Jason B. answered 10/06/20
Undergraduate-Level Tutor (11+ Years Experience)
I interpreted the question to be:
"Find a simplified expression in terms of k that is equal to (1+(1/1)) (1+(1/2)) (1+(1/3)) ... (1+(1/k)), and prove that the equality is true for any natural number k by Mathematical Induction."
First, let's calculate some of these for k = 1, 2, and 3.
When k=1, then (1 + (1/1)) = 2.
When k=2, then (1 + (1/1)) (1 + (1/2)) = 2 (3/2) = 3.
When k=3, then (1 + (1/1)) (1 + (1/2)) (1 + (1/3)) = 3 (4/3) = 4.
There seems to be the pattern that for any natural number k,
(1+(1/1)) (1+(1/2)) (1+(1/3)) ... (1+(1/k)) = k+1.
Let P(k) be the statement "(1+(1/1)) (1+(1/2)) (1+(1/3)) ... (1+(1/k)) = k+1".
Then we wish to prove that P(k) is true for any natural number k.
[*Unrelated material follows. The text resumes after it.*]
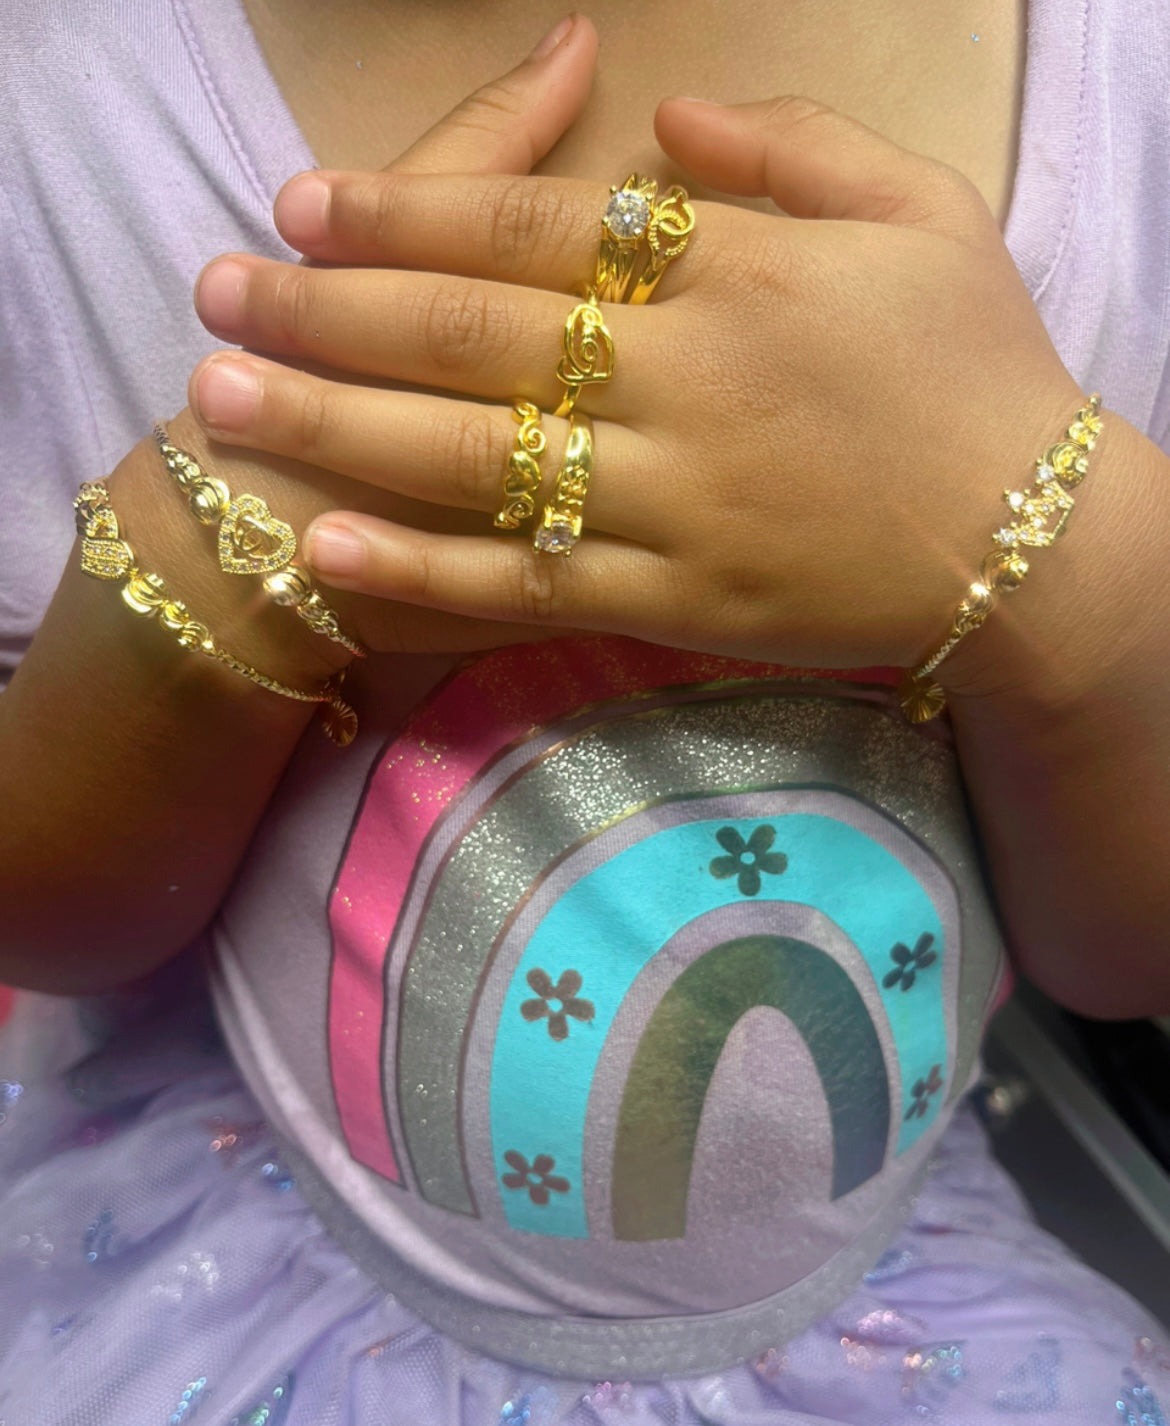 Babygirl rings & charm bangles
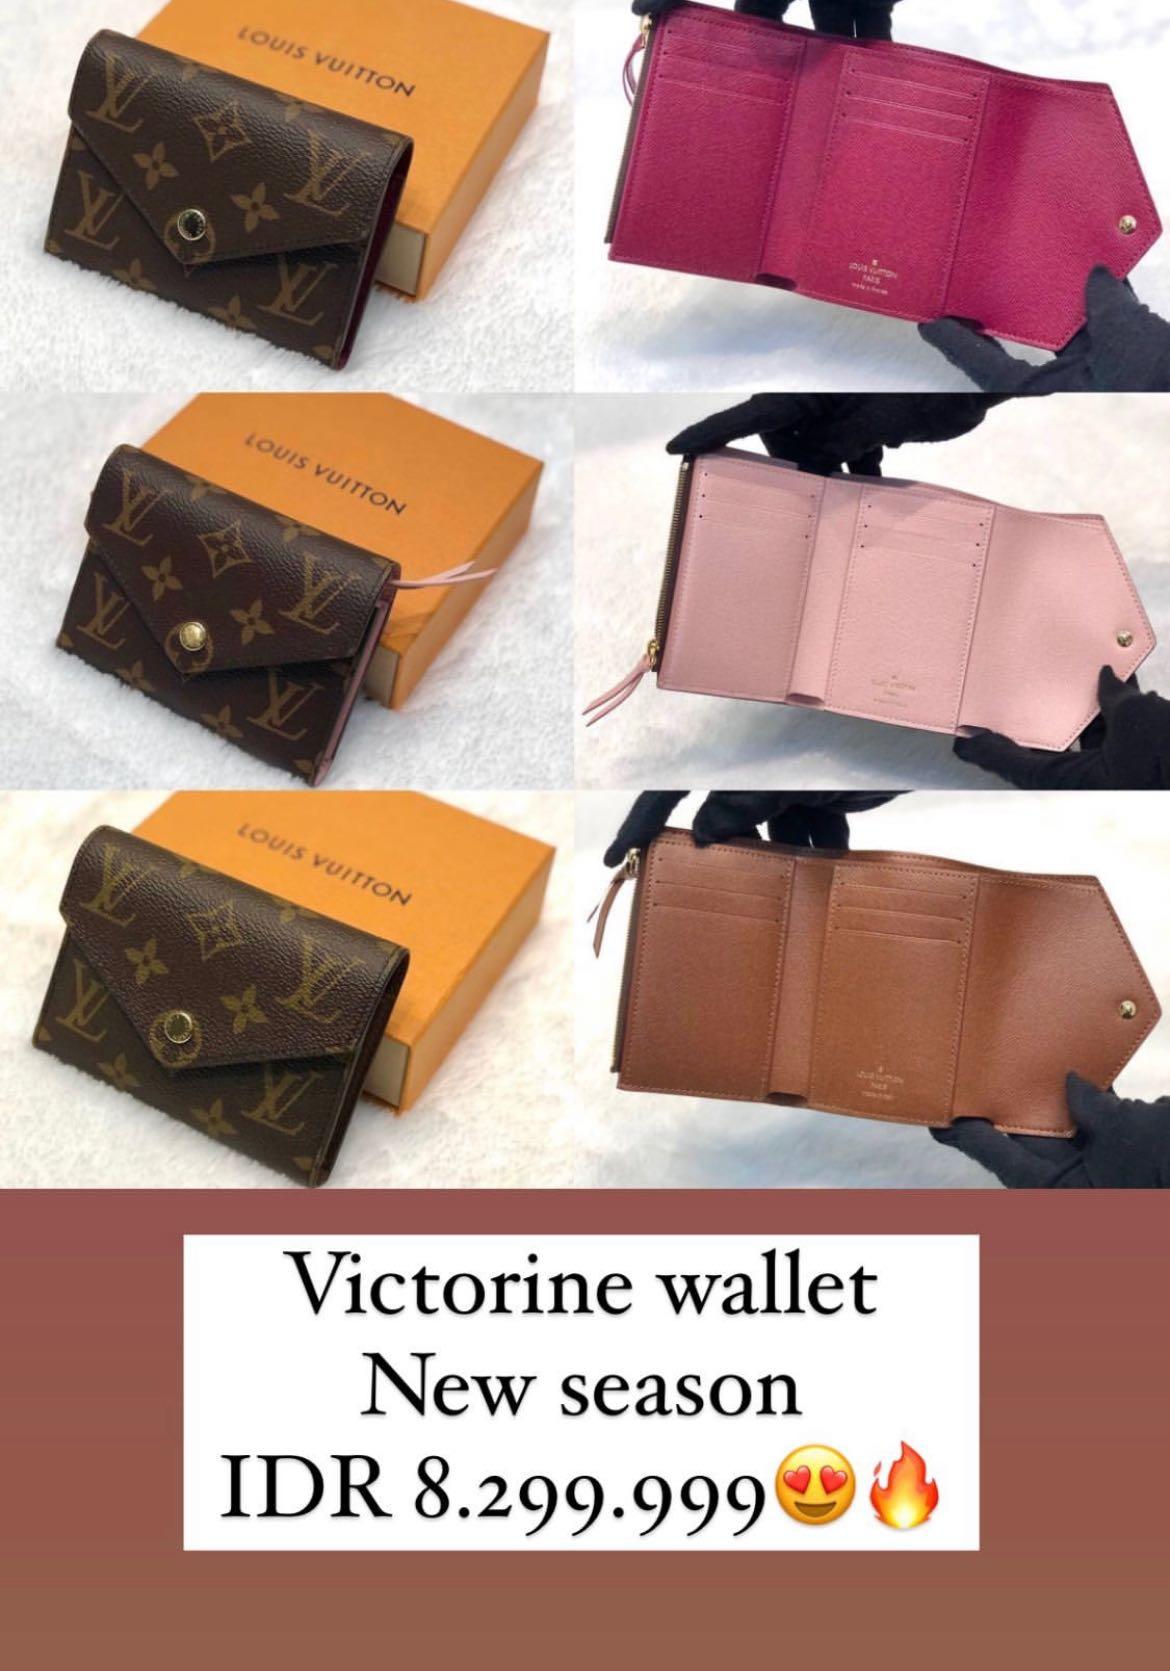 IDR SOLD jt. 2021 Victorine wallet monogram komplit set rec 2021 nett

Let's prove this by Mathematical Induction.
We have already verified that P(1) is true ["When k=1, then (1 + (1/1)) = 2."]
Now we show the inductive step, that is: assuming that P(k) is true, show that P(k+1) is true.
(1+1/1) (1+1/2) (1+1/3) ... (1+1/k) (1+1/(k+1))
= [ (1+1/1) (1+1/2) (1+1/3) ... (1+1/k) ] (1+1/(k+1))
= (k+1) (1+ 1/(k+1)) [here, we have applied the inductive hypothesis that P(k) is true]
= (k+1) ( (k+1)/(k+1) + 1/(k+1) ) [writing the last factor as one fraction]
= (k+1) ( (k+2) / (k+1) )
= k+2
Hence, P(k+1) will be true whenever P(k) is true.
Therefore, by Mathematical Induction, P(k) is true for any natural number k.